In problem [1, p. 94 exercise 4.1] we will show that the periodogram is an inconsistent estimator by examining the estimator at f=0, or
\hat{P}_{PER}(0)=\frac{1}{N}\left(\sum\limits_{n=0}^{N-1}x[n]\right)^{2}. (1)

If x[n] is real white Gaussian noise process with PSD
P_{xx}(f)=\sigma_{x}^{2} (2)

we are asked to find the mean an variance of hat{P}_{PER}(0). We are asked if the variance converge to zero as N \rightarrow \infty. The hint provided within the exercise is to note that
\hat{P}_{PER}(0)= \sigma_{x}^{2} \left(\sum\limits_{n=0}^{N-1}\frac{x[n]}{\sigma_{x}\sqrt{N}}\right)^{2} (3)
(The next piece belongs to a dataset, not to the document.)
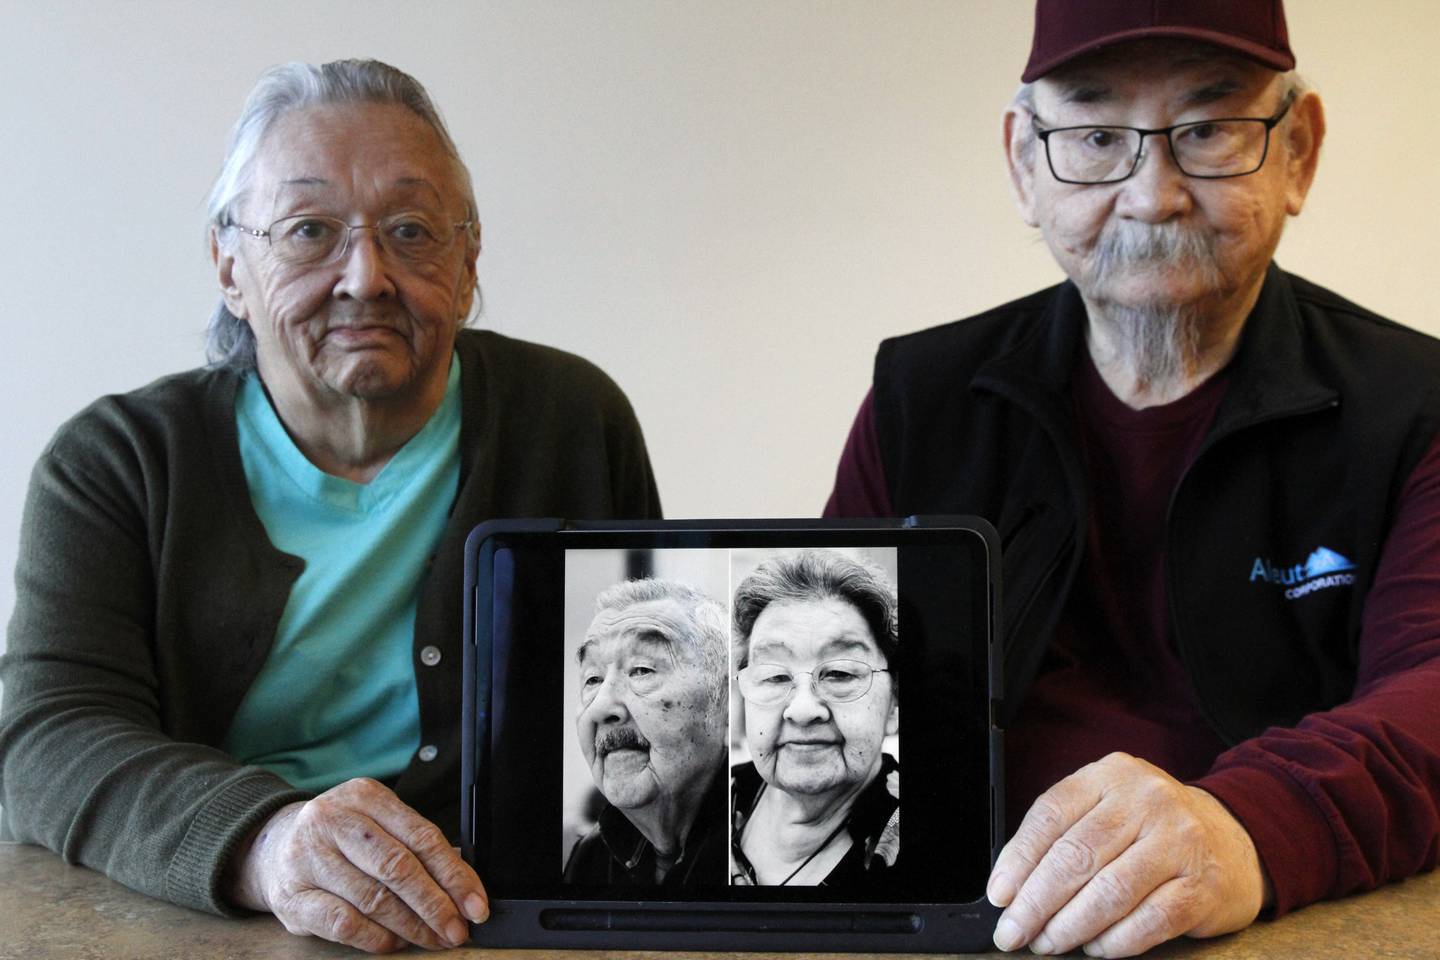 Pauline Golodoff, left, and George Kudrin hold an iPad featuring images of their deceased spouses, Gregory Golodoff and Elizabeth Golodoff Kurdrin, Friday, Dec. 1, 2023, in Anchorage, Alaska.

where the quantiiy inside the parenthesis is  \sim N(0,1) Solution: Because Y = \sum_{n=0}^{N-1}\frac{x[n]}{\sigma_{x}\sqrt{N}} is distributed according to a normal distribution \sim N(0,1) the squared variable Y^{2}=\frac{\hat{P}_{PER}(0)}{\sigma_{x}^{2}} is distributed according to a \chi^{2}(1) with mean E\left\{Y\right\}=1 and variance Var\left\{Y\right\}= 2. From the previous relations we obtain the mean and the variance of the periodogram \hat{P}_{PER}(0) as
E\left\{\hat{P}_{PER}(0)\right\} = \sigma_{x}^{2} E\left\{Y\right\} = \sigma_{x}^{2}
Var\left\{\hat{P}_{PER}(0)\right\}  = \sigma_{x}^{2} Var\left\{Y\right\}  = 2 \sigma_{x}^{2}.
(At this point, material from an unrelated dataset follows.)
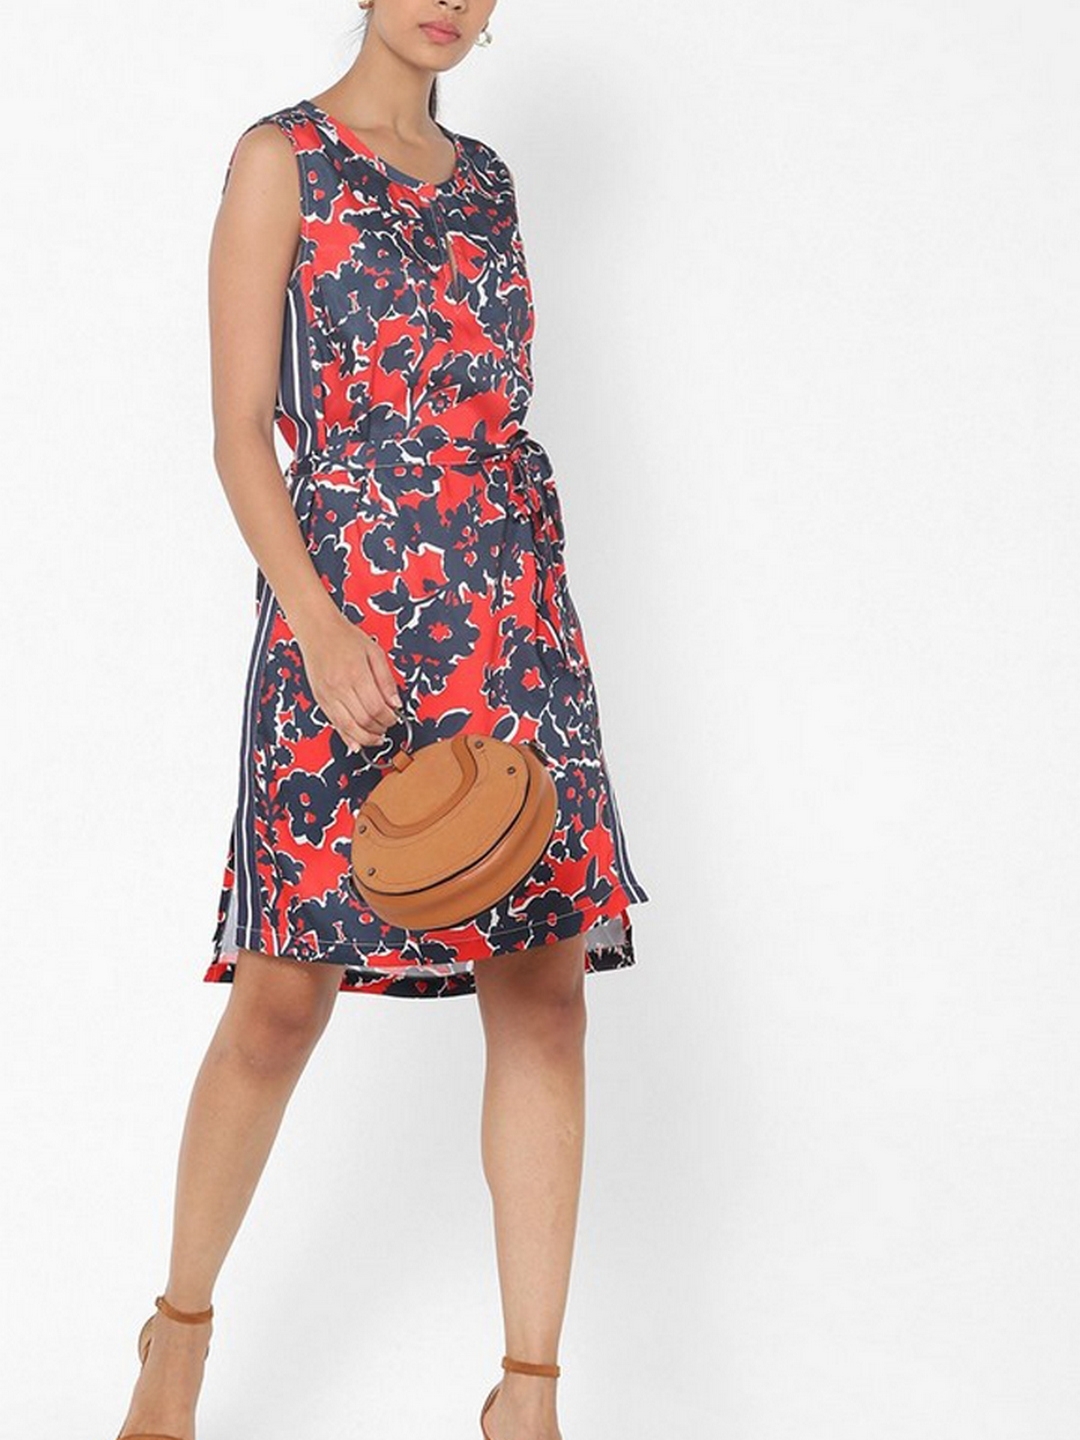 Floral Print Dress with Waist Tie-Up

We see that while the mean converges to the true power spectral density, the variance does not converge to zero. Thus the estimator is inconsistent. QED.

[1] Steven M. Kay: “Modern Spectral Estimation – Theory and Applications”, Prentice Hall, ISBN: 0-13-598582-X.